#### RAW DATA

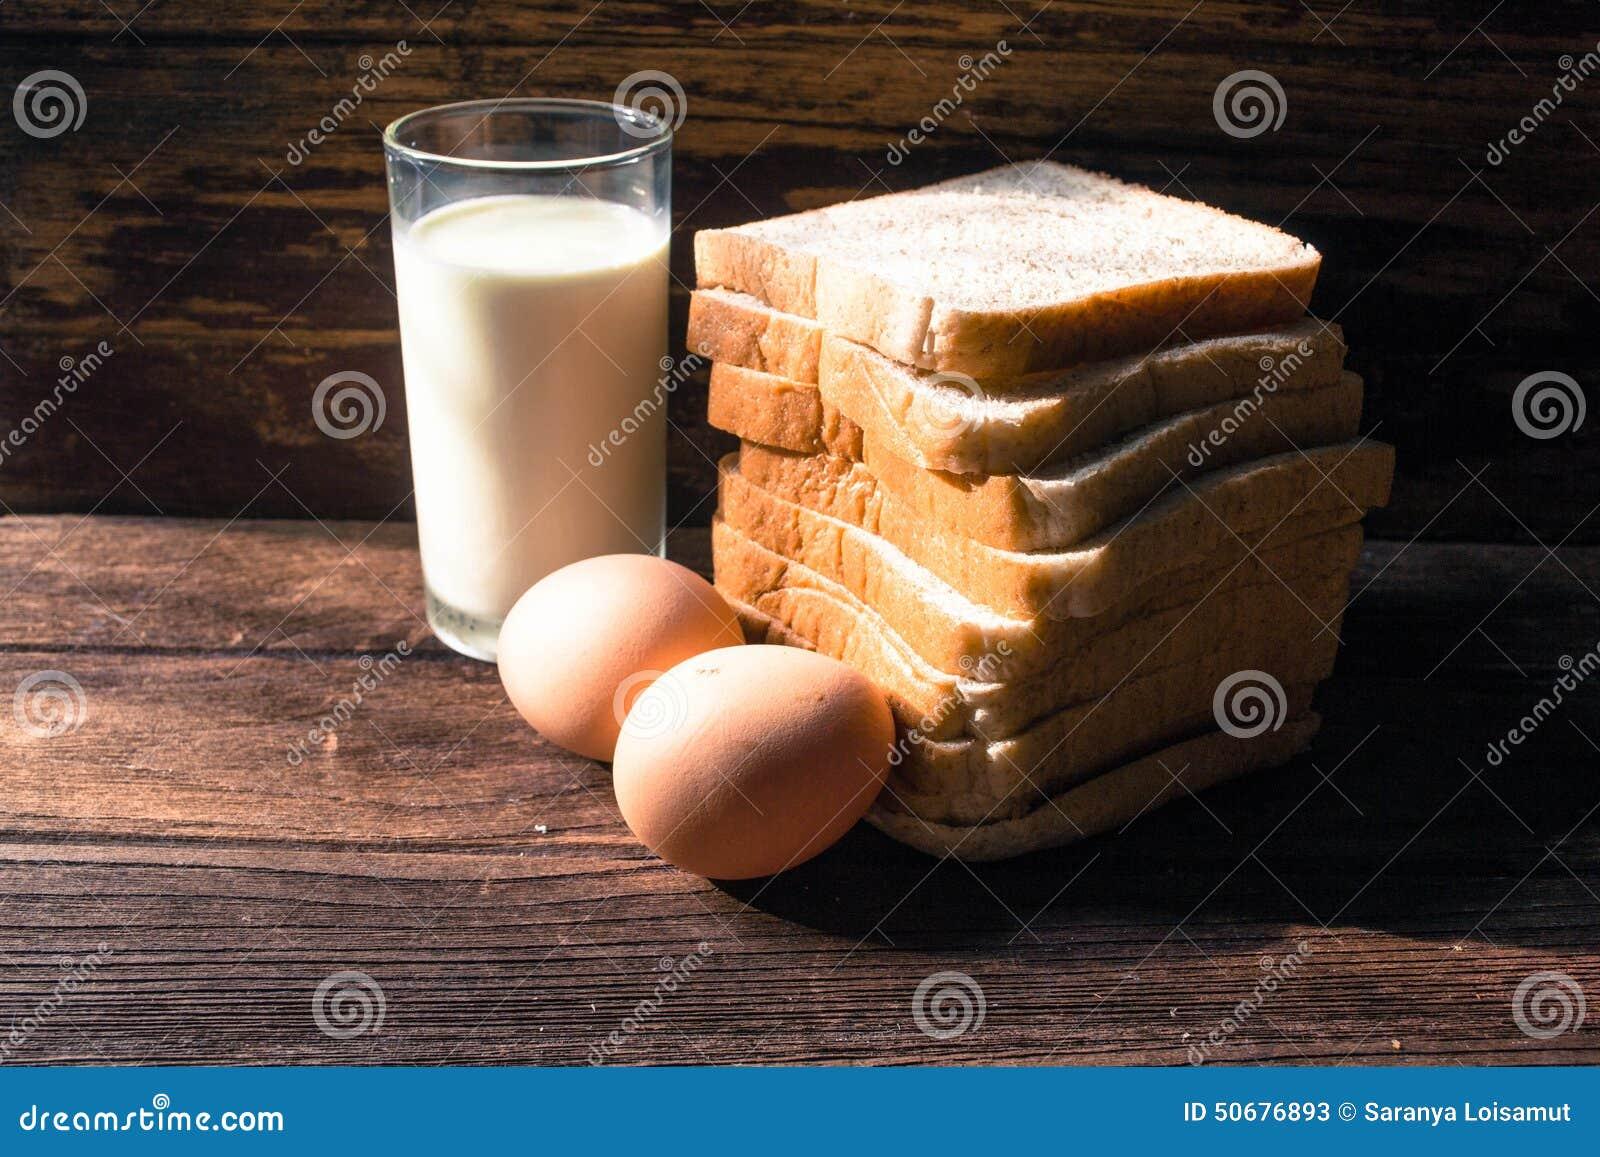 Download 切片在木背景添面包,怂恿并且挤奶 库存图片. 图片 包括有 大面包, 可口, 经纪, 厨房, 新鲜, 巴西 - 50676893
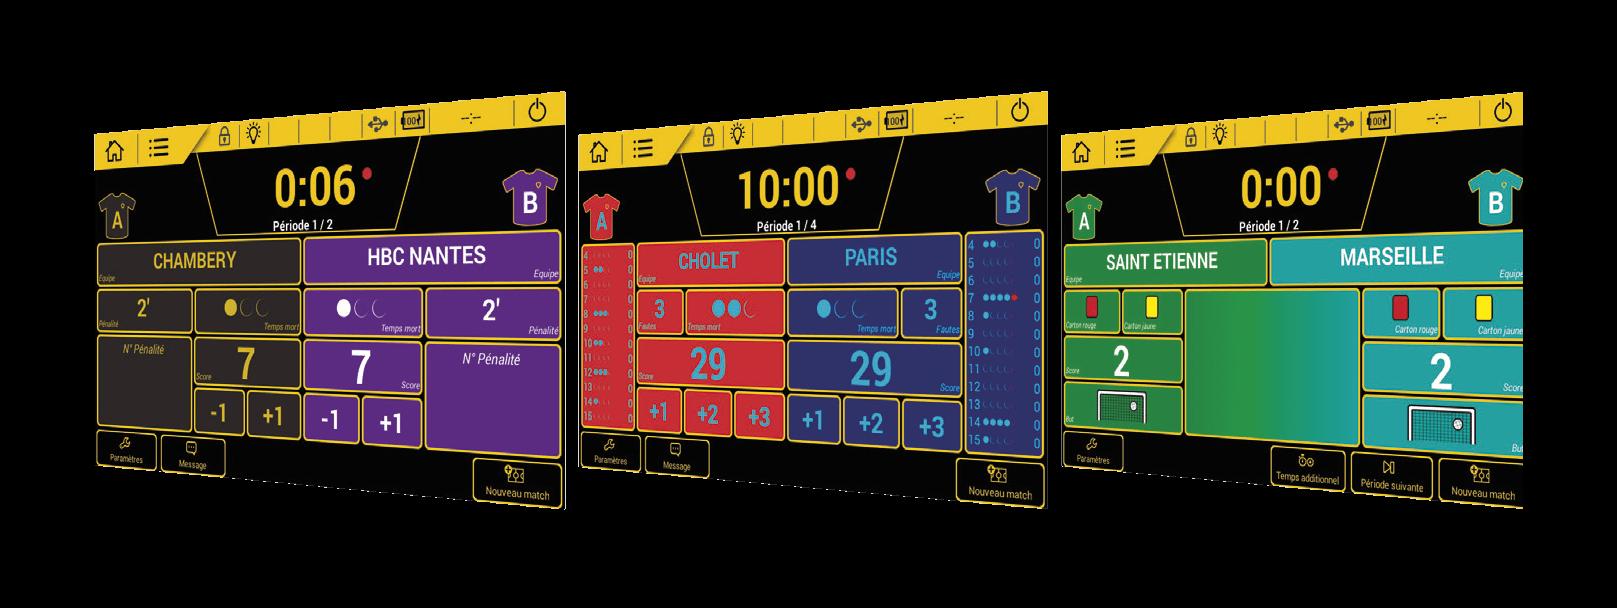 Scorepad - Ultra-customisable
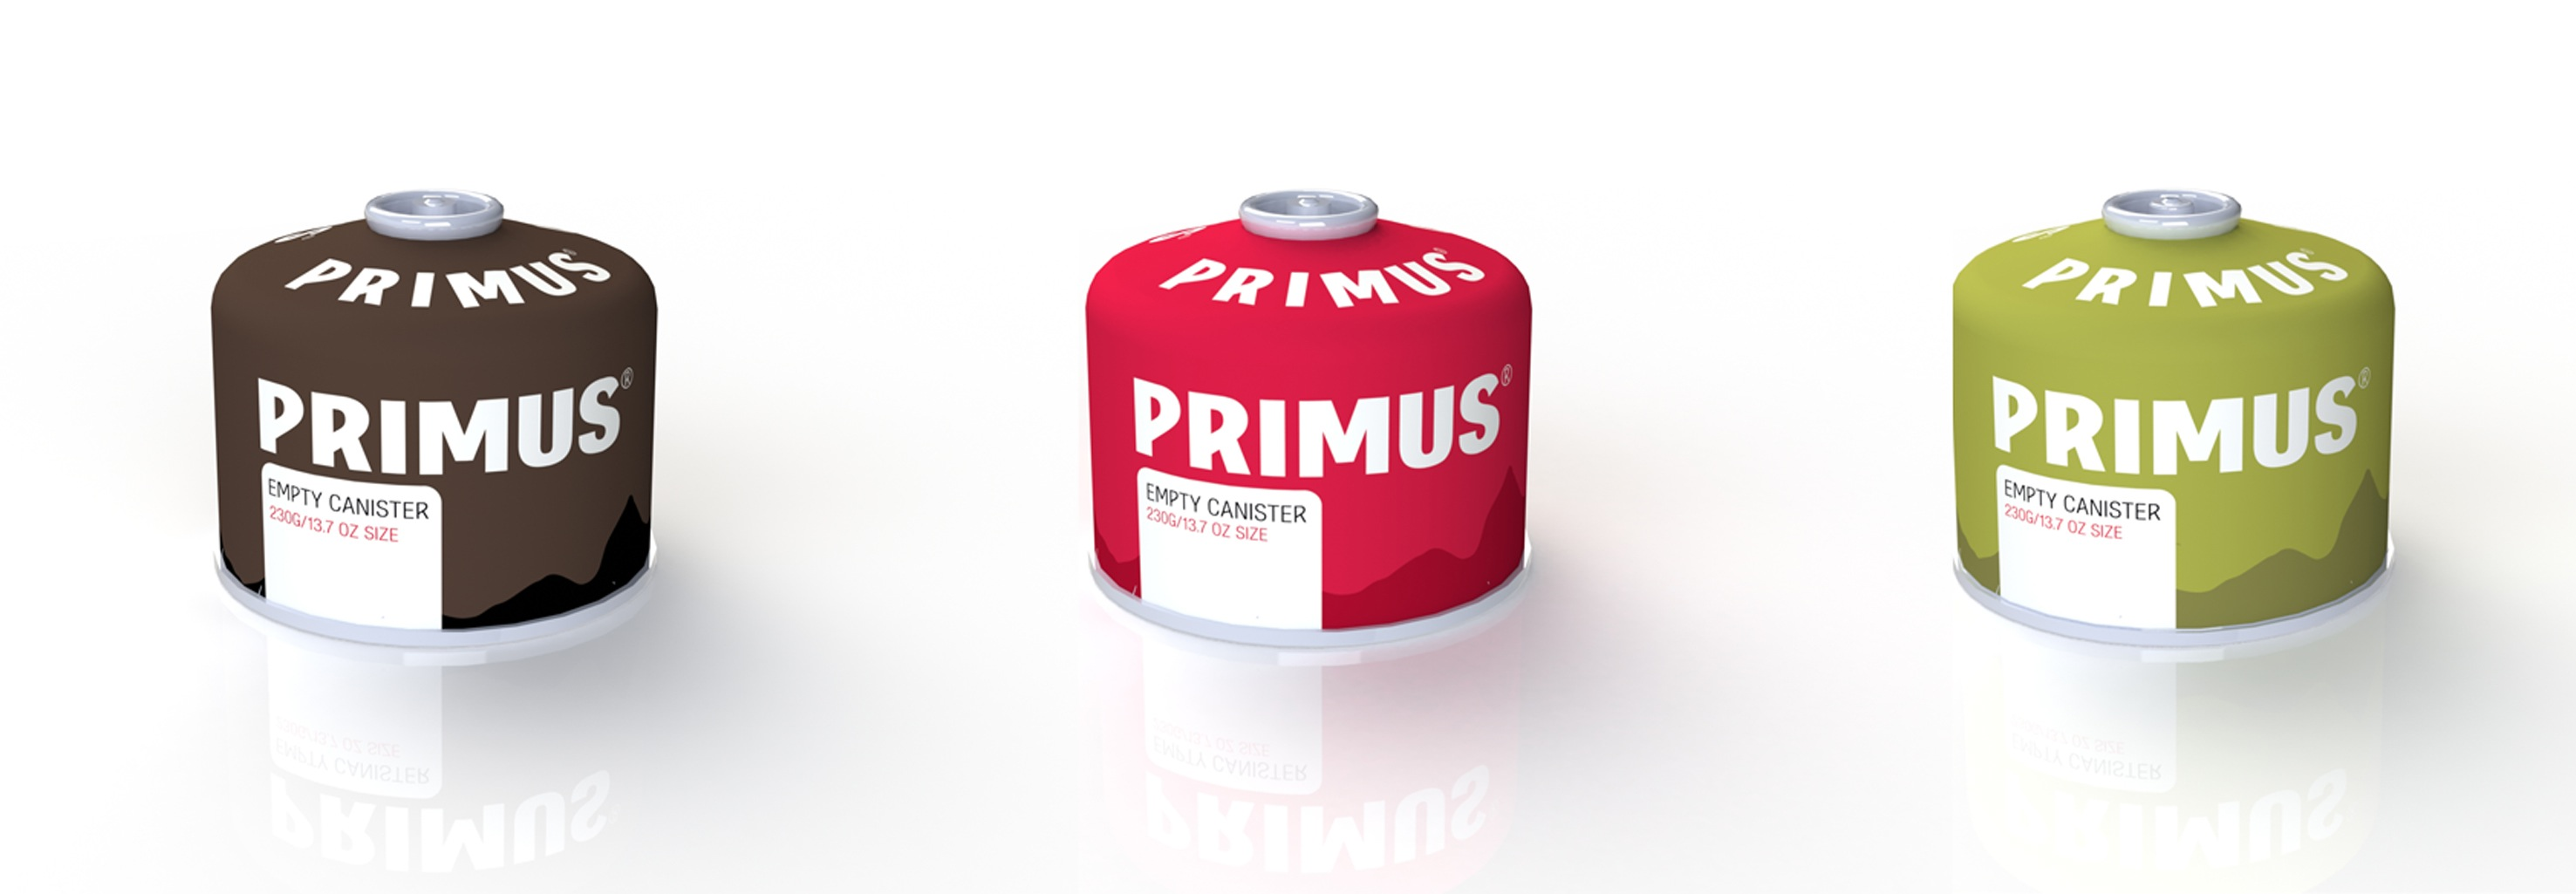 Primus gibt Gas und zwar in jeder Jahreszeit mit der passenden Mischung.  Foto (c) Primus

########

• [YOUR INSTRUCTIONS]
The result should be every line of the data, reproduced exactly, with the images removed.

• [RESPONSE AREA]
 Download 切片在木背景添面包,怂恿并且挤奶 库存图片. 图片 包括有 大面包, 可口, 经纪, 厨房, 新鲜, 巴西 - 50676893
 Scorepad - Ultra-customisable
 Primus gibt Gas und zwar in jeder Jahreszeit mit der passenden Mischung.  Foto (c) Primus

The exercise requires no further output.